Metadata-Version: 2.4
Name: mindforge-kb
Version: 0.2.0
Summary: A local semantic memory engine that transforms AI conversation transcripts into a structured, queryable knowledge base.
Author: Accelerated Industries
License: BUSL-1.1
Project-URL: Homepage, https://github.com/AcceleratedIndustries/MindForge
Project-URL: Repository, https://github.com/AcceleratedIndustries/MindForge
Project-URL: Issues, https://github.com/AcceleratedIndustries/MindForge/issues
Project-URL: Documentation, https://github.com/AcceleratedIndustries/MindForge/blob/main/README.md
Keywords: knowledge-base,semantic-memory,llm,mcp,knowledge-graph,rag,agents
Classifier: Development Status :: 4 - Beta
Classifier: Intended Audience :: Developers
Classifier: License :: Other/Proprietary License
Classifier: Operating System :: OS Independent
Classifier: Programming Language :: Python :: 3
Classifier: Programming Language :: Python :: 3.10
Classifier: Programming Language :: Python :: 3.11
Classifier: Programming Language :: Python :: 3.12
Classifier: Programming Language :: Python :: 3.13
Classifier: Topic :: Scientific/Engineering :: Artificial Intelligence
Classifier: Topic :: Software Development :: Libraries :: Python Modules
Requires-Python: >=3.10
Description-Content-Type: text/markdown
License-File: LICENSE
Requires-Dist: networkx>=3.4.2
Requires-Dist: pyyaml>=6.0
Provides-Extra: embeddings
Requires-Dist: sentence-transformers>=5.4.1; extra == "embeddings"
Requires-Dist: faiss-cpu>=1.13.2; extra == "embeddings"
Requires-Dist: numpy>=1.24.0; extra == "embeddings"
Provides-Extra: mcp
Requires-Dist: mcp>=1.27.0; extra == "mcp"
Provides-Extra: eval
Requires-Dist: pyyaml>=6.0; extra == "eval"
Provides-Extra: all
Requires-Dist: mindforge-kb[embeddings,eval,mcp]; extra == "all"
Provides-Extra: dev
Requires-Dist: pytest>=8; extra == "dev"
Requires-Dist: pytest-asyncio>=1.0; extra == "dev"
Requires-Dist: pytest-cov>=7.1.0; extra == "dev"
Requires-Dist: pyyaml>=6.0; extra == "dev"
Requires-Dist: ruff>=0.8; extra == "dev"
Requires-Dist: mypy>=1.13; extra == "dev"
Requires-Dist: hypothesis>=6; extra == "dev"
Requires-Dist: bandit[toml]>=1.7; extra == "dev"
Requires-Dist: types-PyYAML; extra == "dev"
Requires-Dist: types-networkx; extra == "dev"
Dynamic: license-file

# MindForge

**Transform messy AI conversations into a structured, queryable knowledge base.**

MindForge is a local-first semantic memory engine. Feed it raw conversation transcripts and it distills them into atomic, interlinked concepts -- complete with a knowledge graph, wiki-style links, and optional vector search. Think of it as a second brain that actually organizes itself.

---

## Why MindForge?

Every conversation with an AI produces knowledge. Most of it vanishes into scroll history.

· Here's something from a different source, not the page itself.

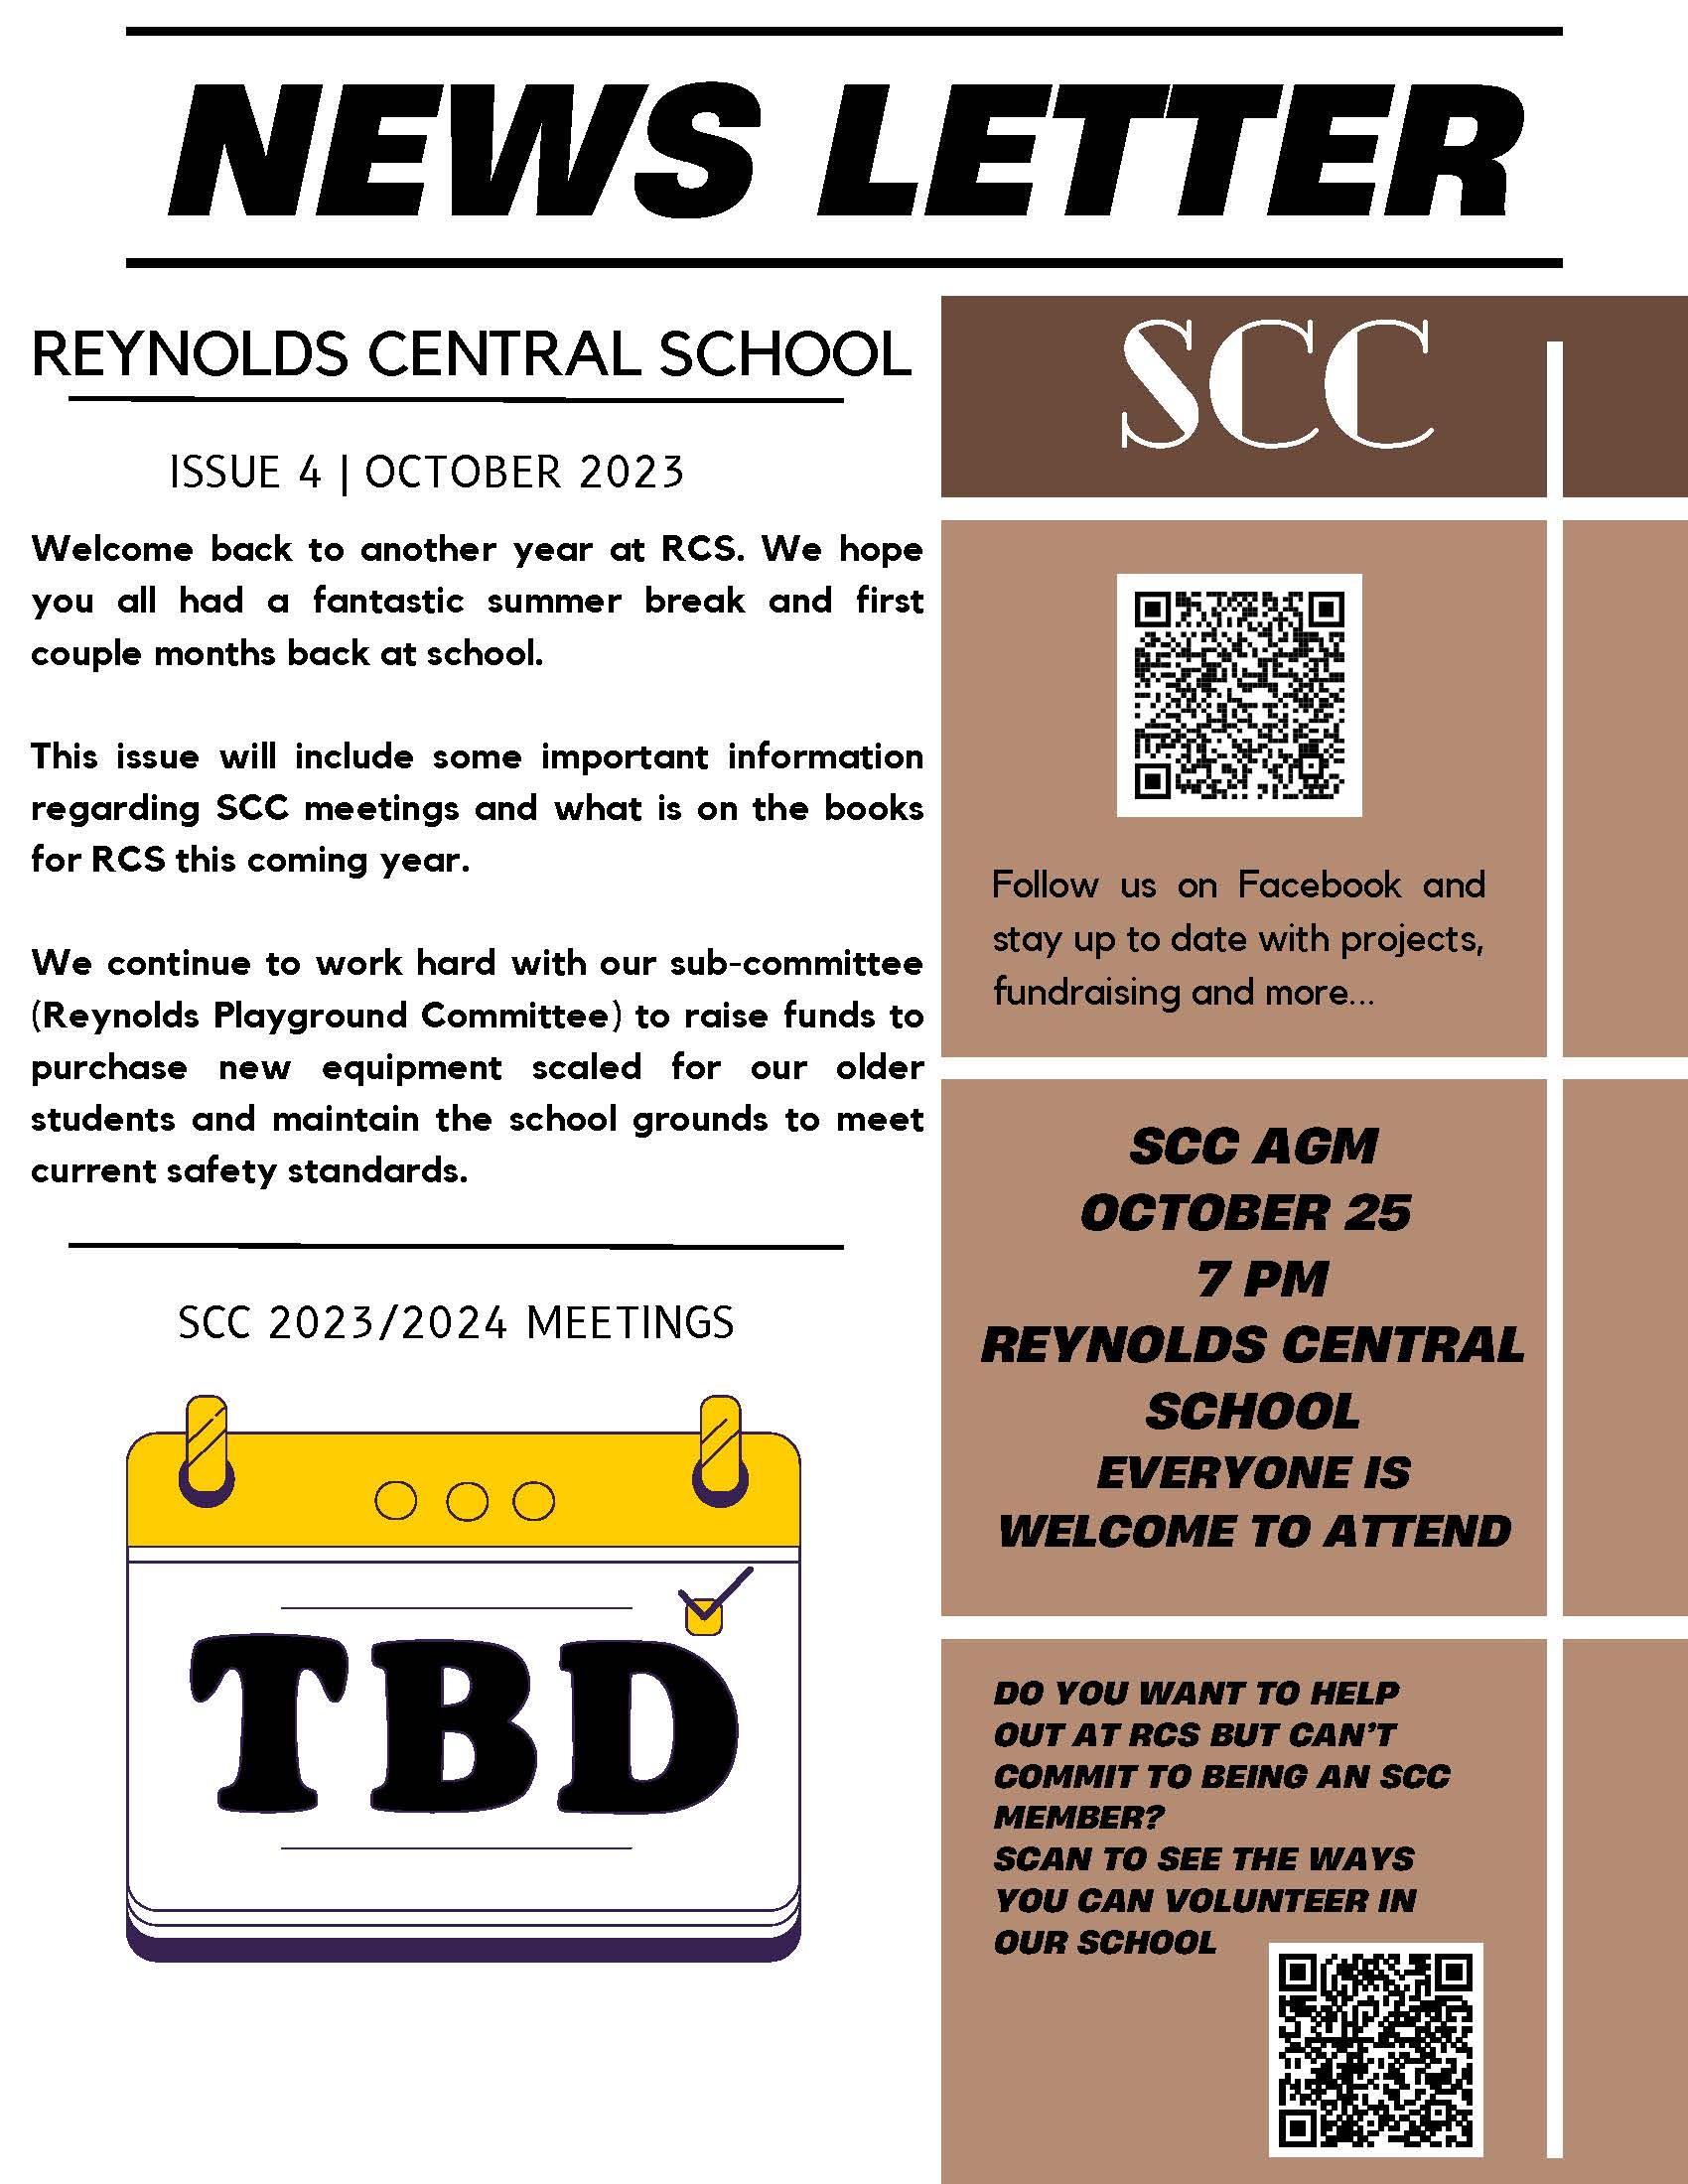 Reynolds SCC Newsletter October 2023
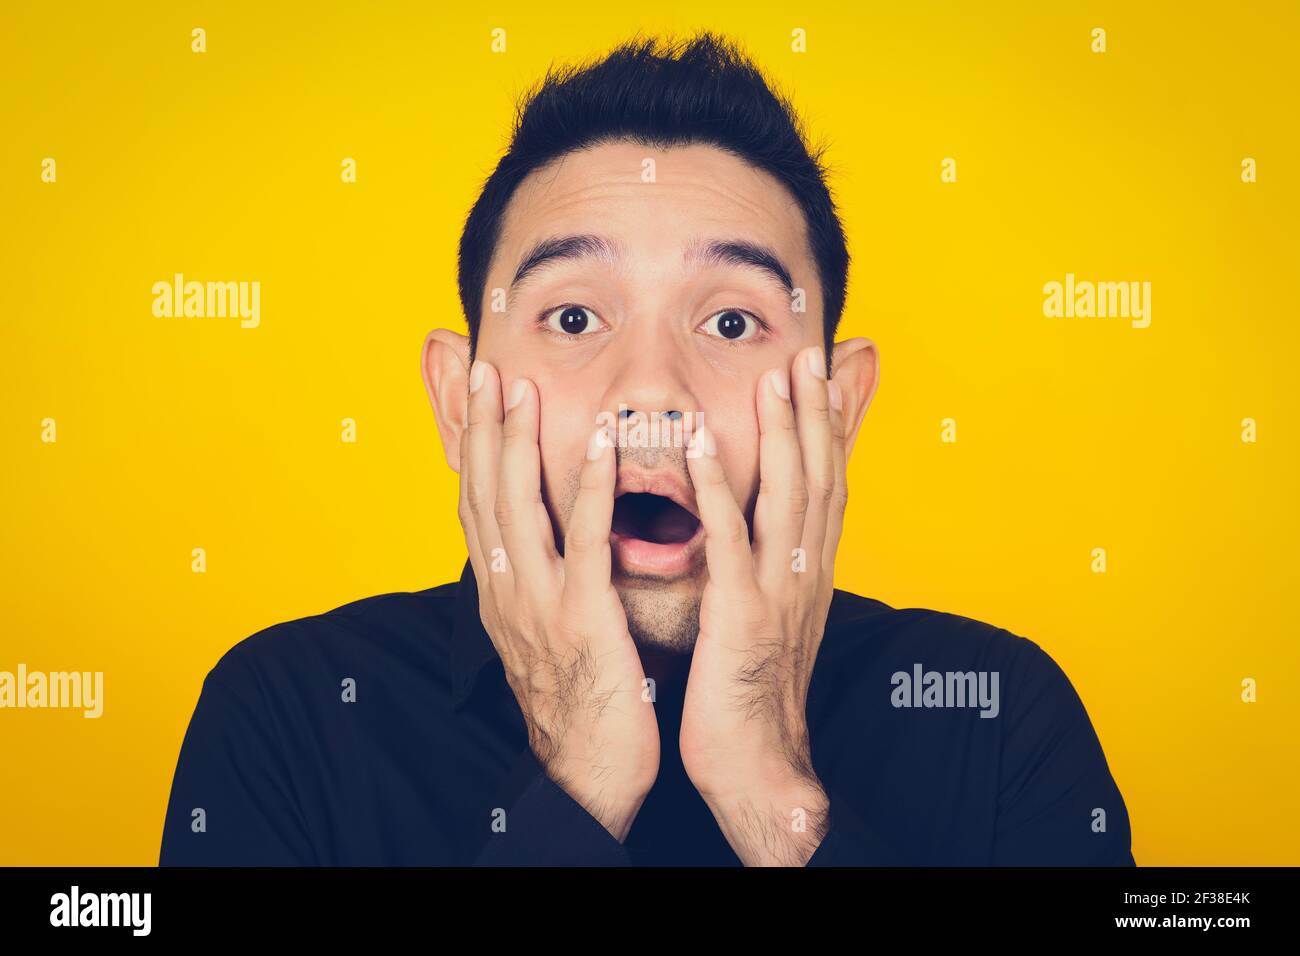 Ein Mann, der schockiert und verängstigt Gesicht, Gefühl und Emotion Konzept - vintage Ton-Effekt Stockfoto

MindForge captures that knowledge and turns it into something you can **navigate, query, and build on**:

- **Concepts, not conversations** -- Each idea becomes its own clean Markdown file
- **Relationships are explicit** -- Wiki-style `[[links]]` and typed edges (`uses`, `depends_on`, `enables`)
- **Knowledge graph included** -- Visualize how concepts connect
- **Semantic search ready** -- Find concepts by meaning, not just keywords
- **LLM-powered extraction** -- Optionally use Ollama or any OpenAI-compatible API for dramatically better results
- **100% local** -- No cloud required. Your knowledge stays yours.

---

## Install

Pick the path that matches you:

### Python users (recommended)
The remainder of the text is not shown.